2006/06/10

Abramoff tried to remake Nazi feel-good flick


The word is out that America's favorite lobbyist failed in his efforts to remake the greatest movie ever about a clown who leads laughing children into the ovens of Auschwitz.

In 1972, funnyman Jerry Lewis directed and starred in "The Day the Clown Cried," the story of circus clown Helmut Doork, who entertains children to their deaths. Filming stopped after the story got caught up in a copyright fight, so only a rough cut was ever finished.

In this month's issue of Harper's magazine, there are excerpts of unsigned letters written by Jack Abramoff's friends to Judge Paul Huck of Federal District Court in Miami in the hopes of getting the judge to go easy on the lobbyist/criminal. Huck would later sentence Abramoff to six years and $21.7 million in fines.

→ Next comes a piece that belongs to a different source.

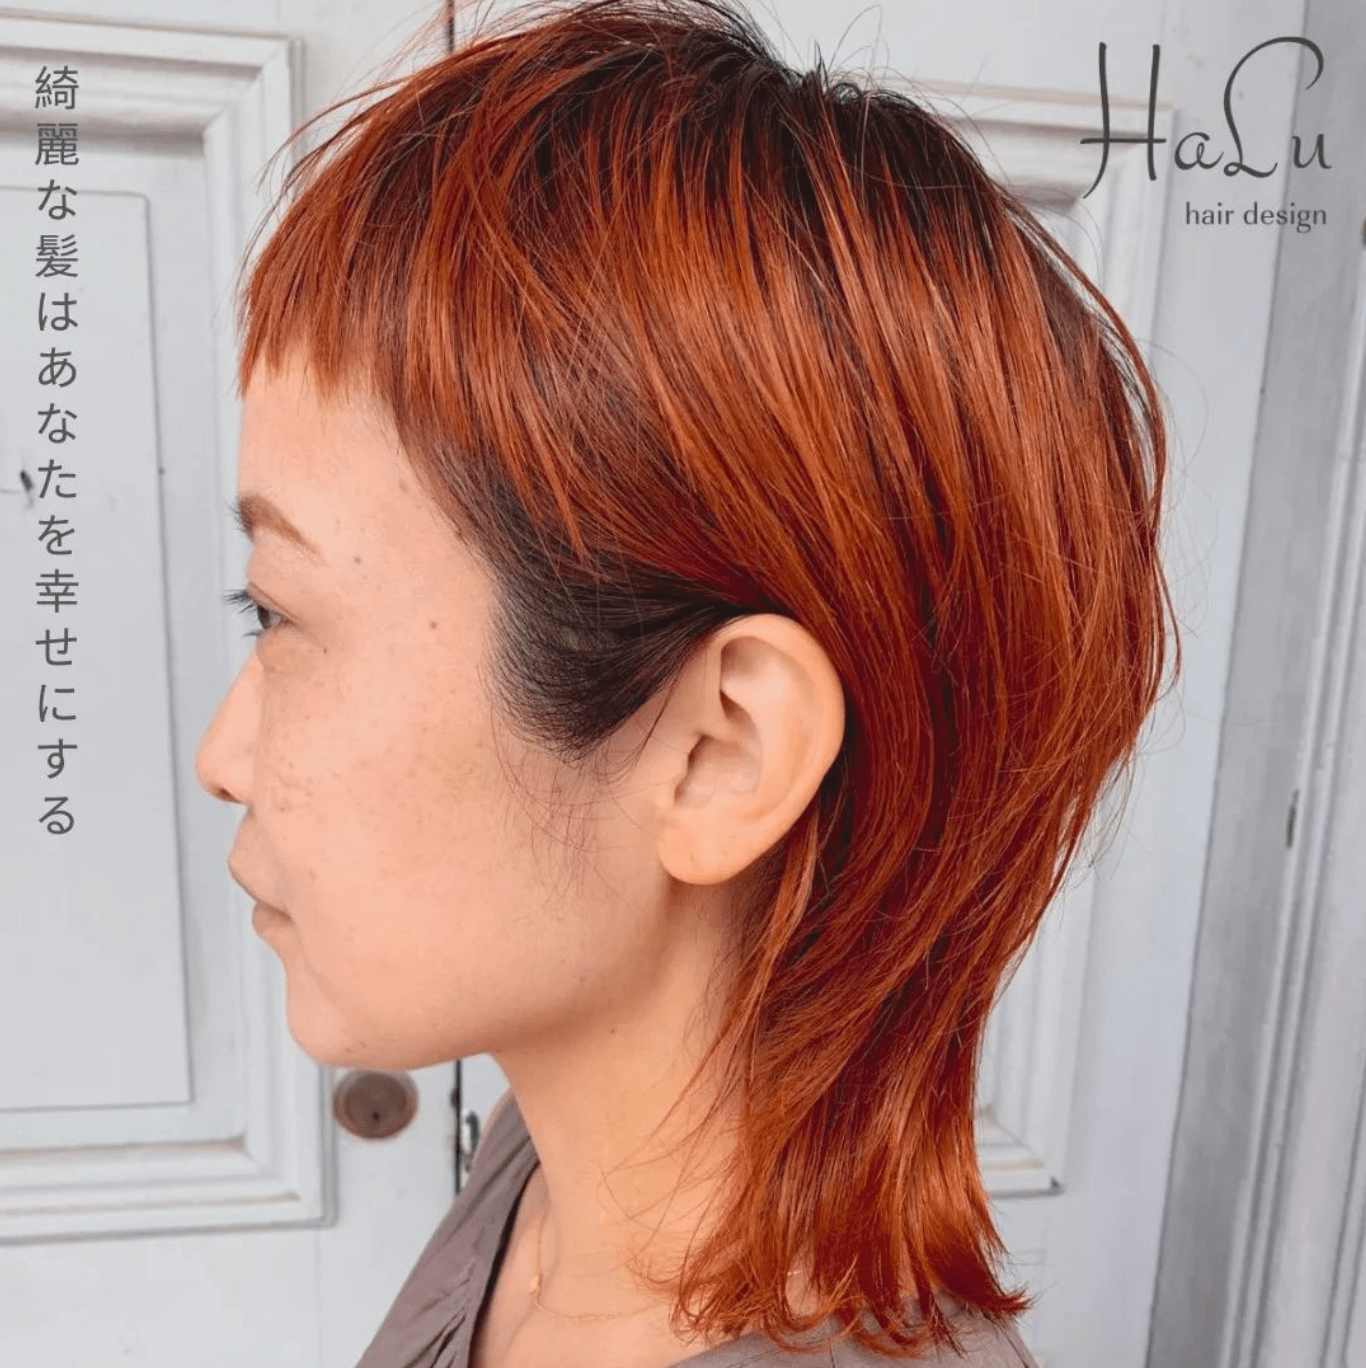 affordable hair salons singapore - HaLu Hair Design - cut

Jack made every effort possible to secure funding for a film entitled The Day the Clown Cried, a movie about the importance of taking care of children, set in a WWII concentration camp.
Lawrence Levi claims to have obtained a copy of the letter which reveals that it was written by film producer Michael Barclay, who was to be one of Abramoff's partners in the venture. It was to be Abramoff's bid for respectability after the failure of the Dolph Lundgren epic "Red Scorpion," which he penned and produced

Legend has it that Lewis is so ashamed of the film that he keeps it locked in a briefcase in his office. In this age of You Tube and Bit Torrent, it is one of the few pieces of video not readily available.

Harry Shearer is among the luck few who have witnesses the debacle.

"This movie is so drastically wrong, its pathos and its comedy are so wildly misplaced, that you could not, in your fantasy of what it might be like, improve on what it really is," said Shearer.